Union-Endicott Cent. Sch. Dist. v Peters, 2014 NY Slip Op 08533, Appellate Division, Third Department

Joanne Peters, a teacher by the Union-Endicott Central School District, attempted to retire from her position after allegations surfaced that she had stolen District property.

This appeals is the latest in a series* and as relevant here concerns the question of Peters' being entitled  to receive retiree health insurance benefits provided for in a collective bargaining agreement under the  circumstances of her departure from employment with the District.

The District terminated Peters effective July 1, 2007 and that, as a result, she was not entitled to retiree health benefits. The Union-Edicott Teachers Association [ETA] and Peters grieved the District's determination under the CBA and demanded binding arbitration of it.

The District and the ETA stipulated that the arbitrator would first assess whether the District's determination had violated the terms of the CBA. If the arbitrator found a violation, he would then be obliged to decide whether Peters' right to retiree health insurance benefits was impacted by the "faithless servant doctrine."**

The arbitrator issued an opinion and award finding that the District had violated the terms of the CBA and that the faithless servant doctrine was inapplicable. The arbitrator went on to state that he "believe[d] the District's claims [were] better suited for a lawsuit than a grievance arbitration proceeding."

The District then moved for leave to amend their complaint to assert causes of action invoking the faithless servant doctrine, seeking to both bar Peters' receipt of retiree health insurance benefits and recover damages for the value of the benefits that she had already received [Proceeding #1] .

The District also commenced a second proceeding, Proceeding #2, seeking to vacate the arbitration award or stay its enforcement until issues regarding the applicability of the faithless servant doctrine in action No. 1 had been resolved.

Supreme Court, among other things, declined to vacate the arbitration award or prevent it from going into effect, denied leave to amend the complaint in action No. 1 and granted the ETA leave to intervene in that action. The District appeals in proceeding Nos. 1 and 2, and the District and Board appeal in action No. 1.

The Appellate Division sustained the Supreme Court's declining to vacate the arbitration award, explaining that is not warranted as "It is well established that an arbitrator's award is largely unreviewable." and “Vacatur of an arbitration award is only appropriate where 'it violates a strong public policy, is irrational, or clearly exceeds a specifically enumerated limitation on the arbitrator's power.'"

The court concluded that the arbitrator “had reviewed the relevant case law, noted that the CBA was silent on the issue of whether the "faithless servant doctrine" restricted an employee's right to contractual benefits, and determined that to apply the doctrine would impermissibly "add to or alter the terms of" the CBA.” The Appellate Division said that arbitrator, “in no uncertain terms,” indicated  that he was "declin[ing] to apply" the doctrine, commented that the arbitrator's dictum that the District's arguments were 'better suited for a lawsuit than a grievance arbitration proceeding,' ... did not undermine his thoroughly explained holding that the faithless servant doctrine did not impact Peters' right to receive retiree health insurance benefits under the CBA.

The Appellate Division said it perceived no reason to vacate the arbitration award.”

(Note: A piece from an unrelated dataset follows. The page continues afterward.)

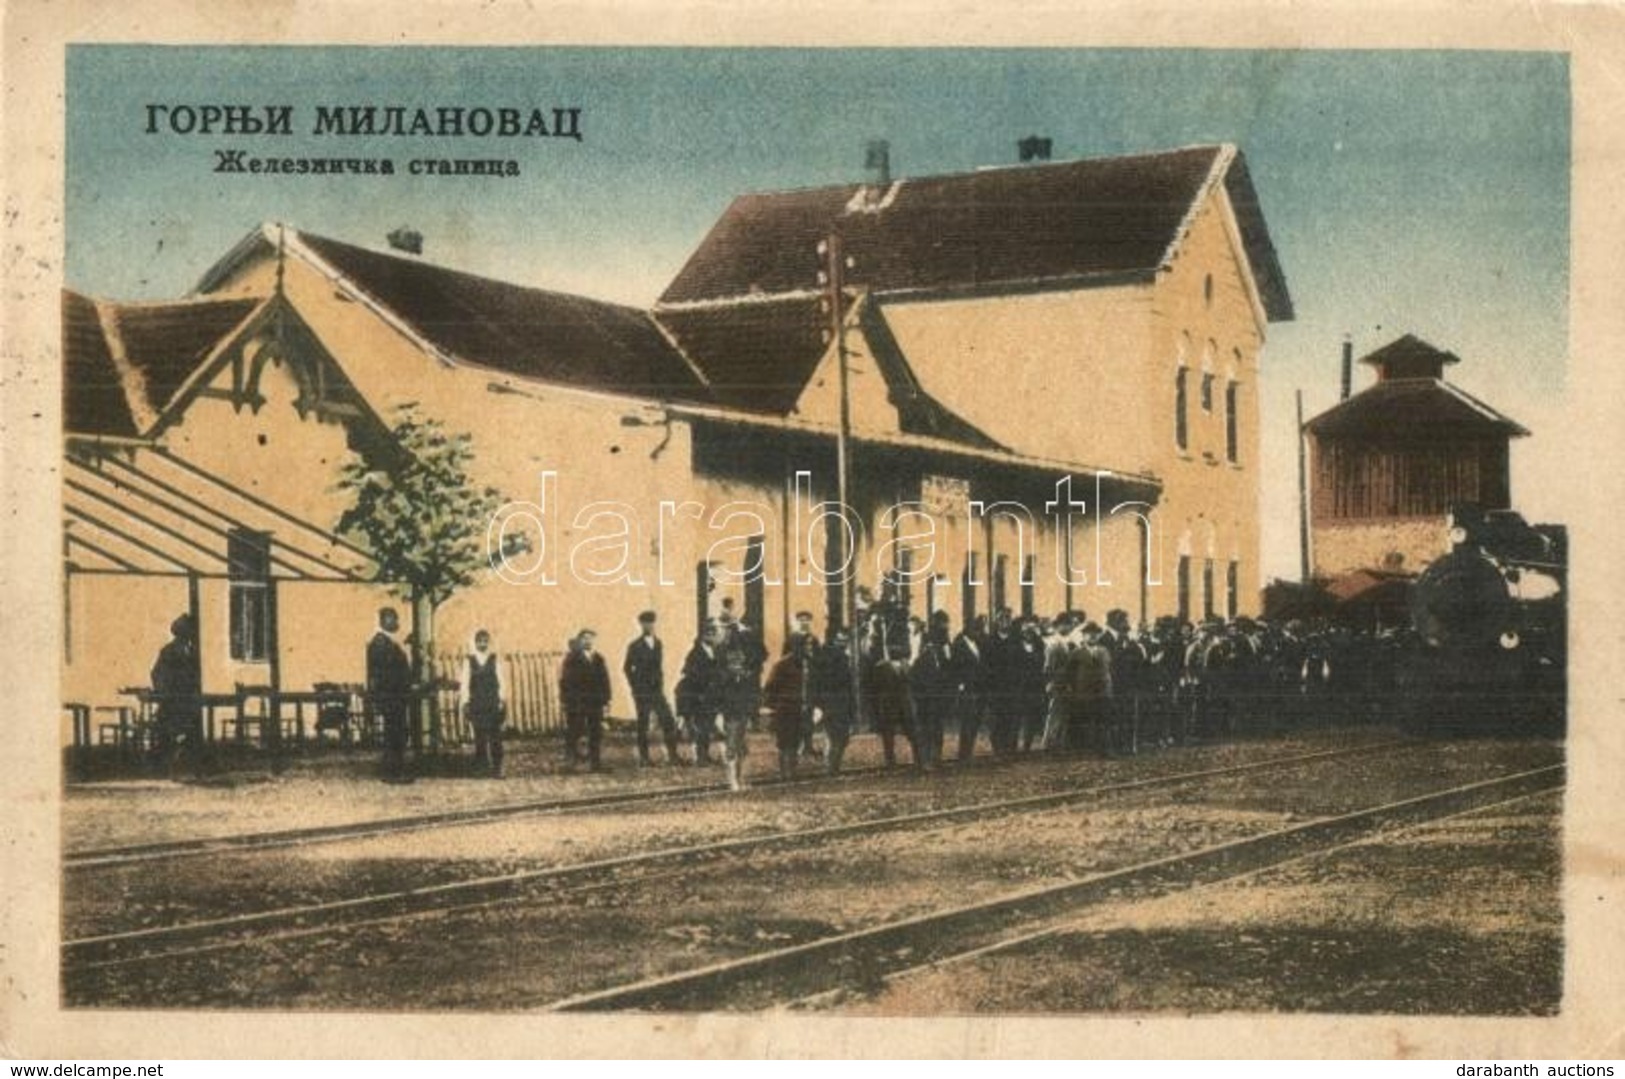 T2/T3 Gornji Milanovac, Zeleznicka Stanica / Railway Station, Locomotive, Crowd (EK) - Unclassified

As to the motion of District and the Board for leave to amend their complaint, the legal issue as to whether the faithless servant doctrine applied was placed squarely before the arbitrator and the parties to the arbitration had a full and fair opportunity to litigate it. Despite the fact that the arbitrator held the doctrine to be inapplicable, the proposed amended complaint in action No. 1 seeks to raise precisely the same issue. The court said that the faithless servant doctrine flowed from the contractual relationship between employer and employee. As the arbitrator found that CBA does not permit the doctrine to be used, there is no separate ground for its application and the District and the Board are barred by collateral estoppel from advancing an issue that was actually decided by the arbitrator.

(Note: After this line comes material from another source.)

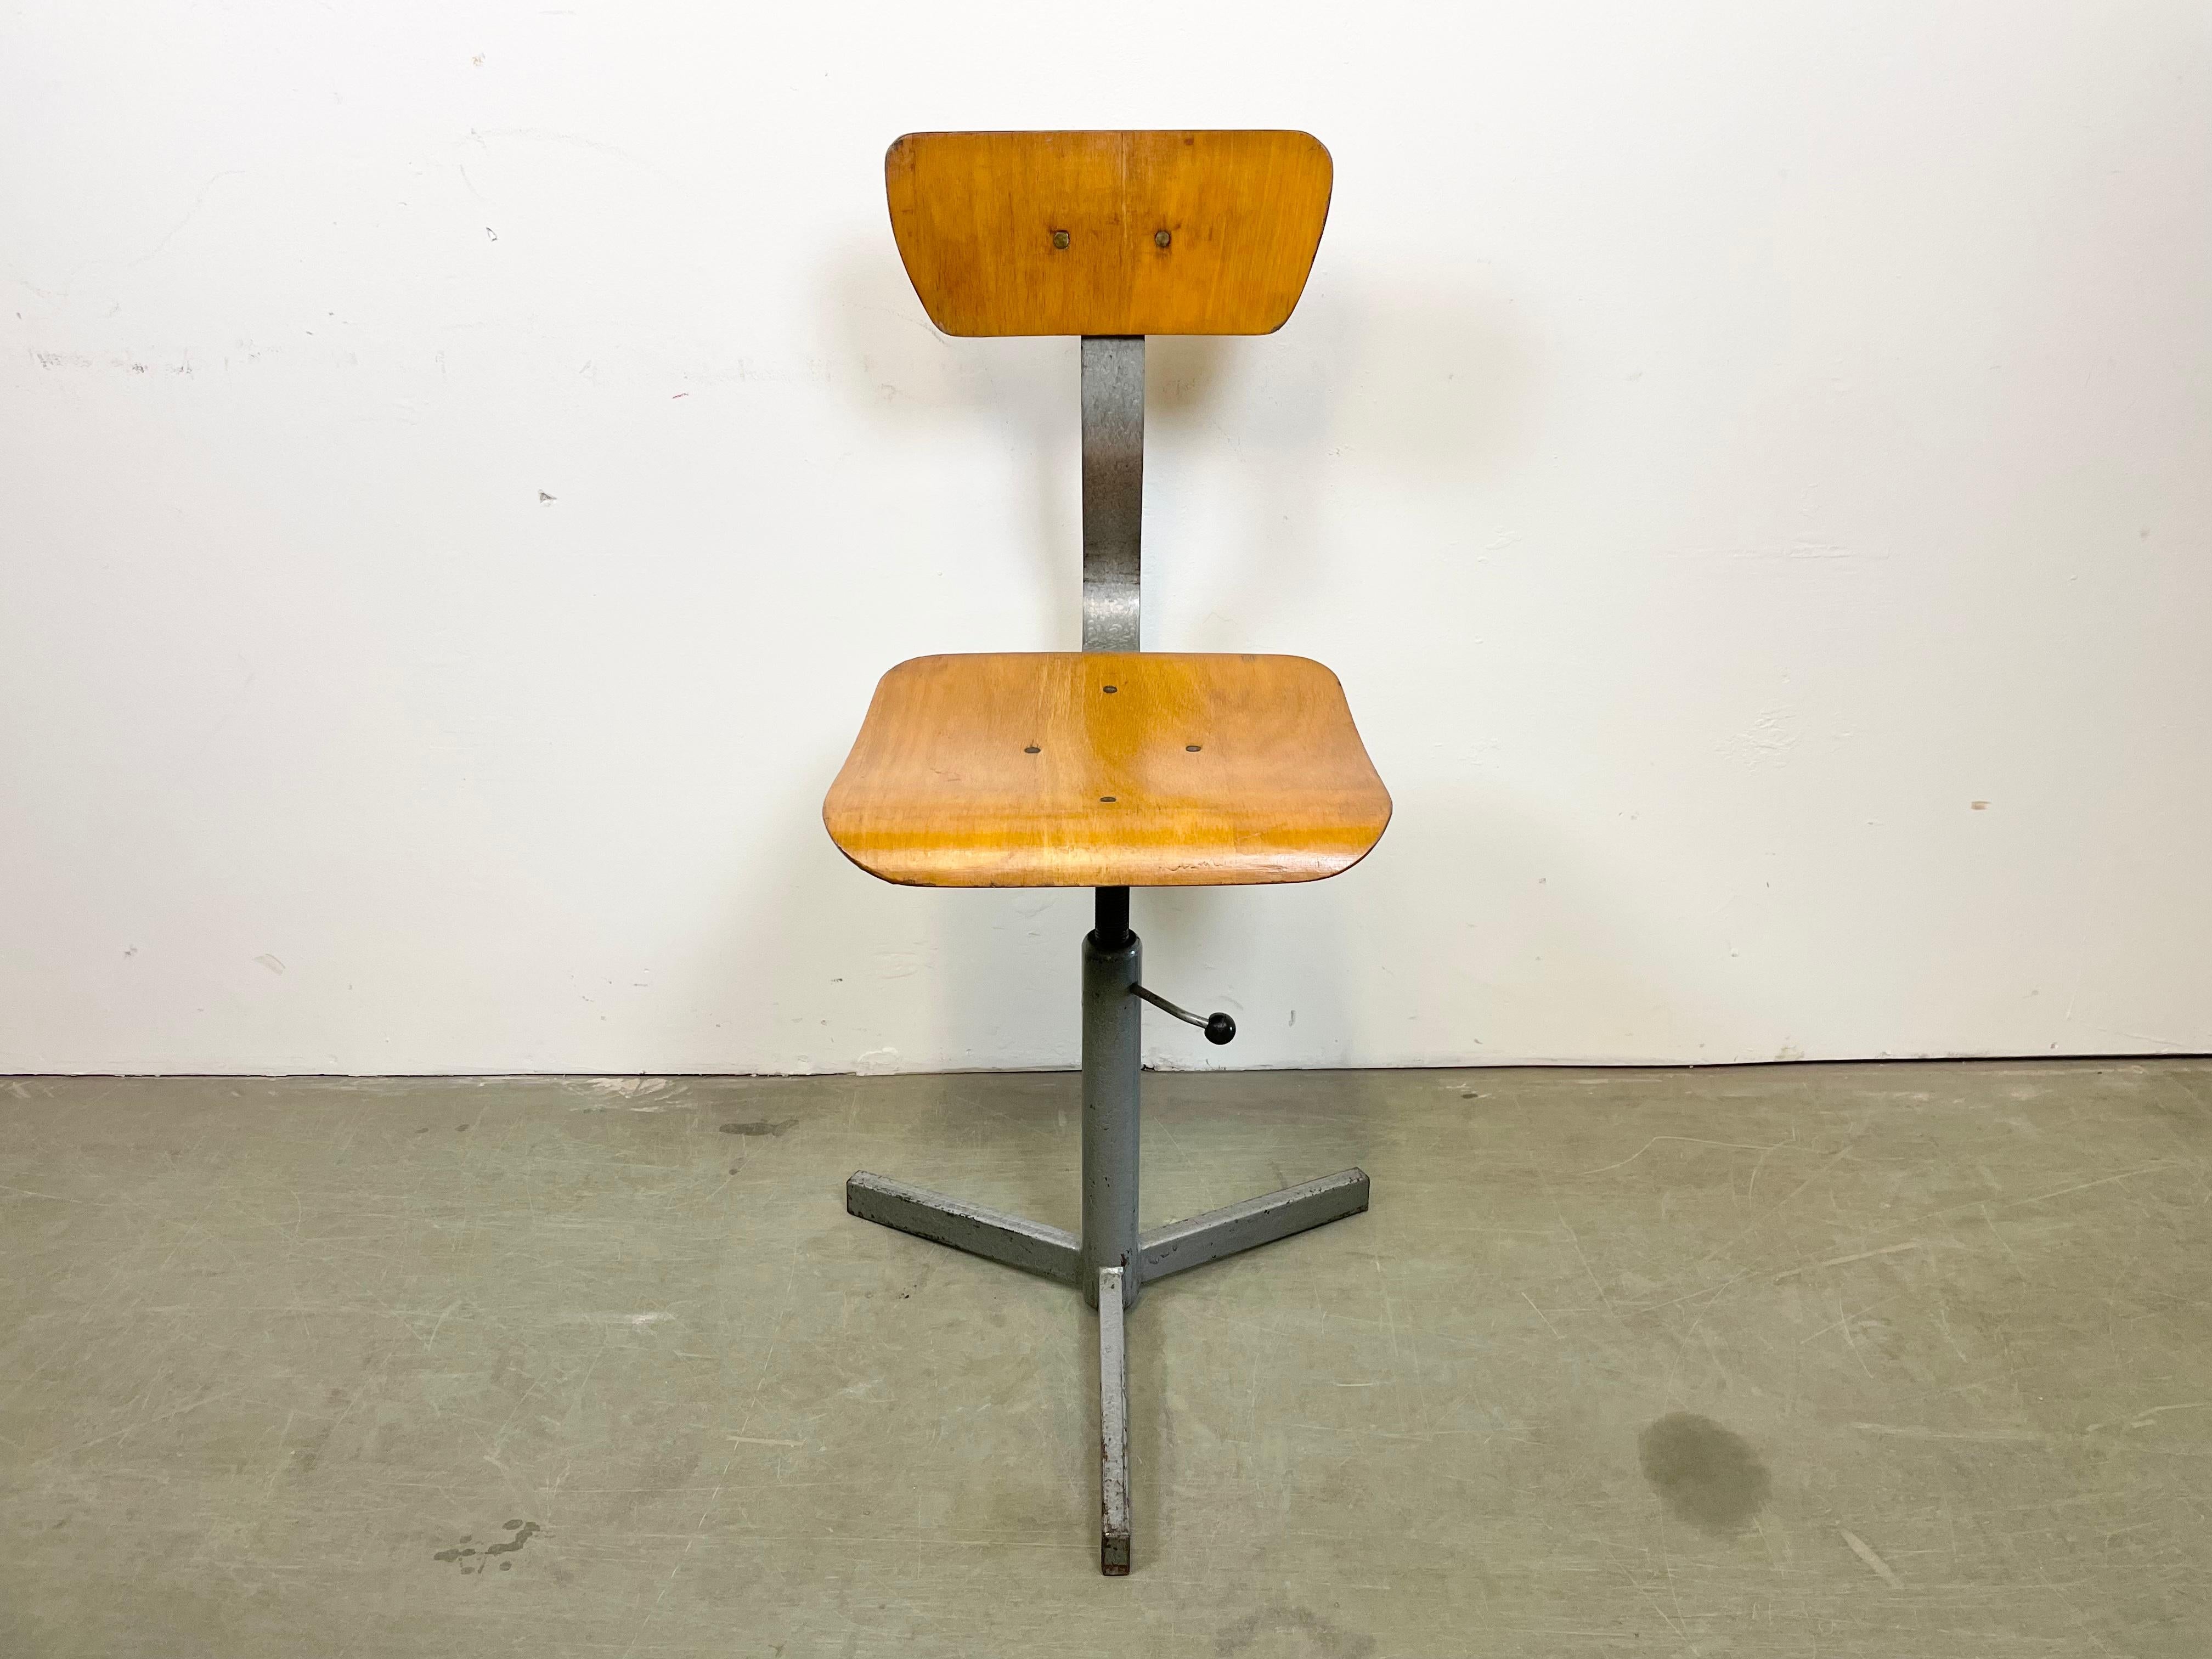 Höhenverstellbarer Industriedrehstuhl, hergestellt in der ehemaligen Tschechoslowakei in den 1960er Jahren. Die Konstruktion besteht aus grau lackiertem Eisen und hat eine Sitzfläche und Rückenlehne aus Sperrholz. Der Stuhl ist in sehr gutem

As Supreme Court did not explicitly confirm the award, the Appellate Division modified that court's order accordingly

* Other decisions by the Appellate Division involving these parties: Matter of Peters v Union-Endicott Cent. School Dist., 77 AD3d 1236, and Matter of Union-Endicott Cent. School Dist. [Endicott Teachers' Assn.], 59 AD3d 799.

** The "faithless servant doctrine" states that an individual owing a duty of fidelity to a principal and who is faithless in the performance of his or her services is generally cannot recover his or her compensation or other consideration that would be otherwise available to that individual [See Murray v Beard, 102 NY 505].See, also, http://publicpersonnellaw.blogspot.com/2010/02/applying-faithless-servant-doctrine.html

The decision summarized above is posted on the Internet at: 
http://www.nycourts.gov/reporter/3dseries/2014/2014_08533.htm

December 17, 2014

Determining if an individual is an employee or an independent contractor of an entity

Determining if an individual is an employee or an independent contractor of an entity
Lustgarten (New York Psychotherapy & Counseling Ctr.--Commissioner of Labor), 2014 NY Slip Op 08538, Appellate Division, Third Department

Samuel H. Lustgarten, a psychiatrist, provided services for clients of New York Psychotherapy and Counseling Center (NYPCC) for approximately 10 years. After his employment ended, he applied for unemployment insurance benefits. The Department of Labor initially determined that claimant was an employee of NYPCC and that NYPCC was liable for contributions based on remuneration paid to Lustgarten and others similarly situated.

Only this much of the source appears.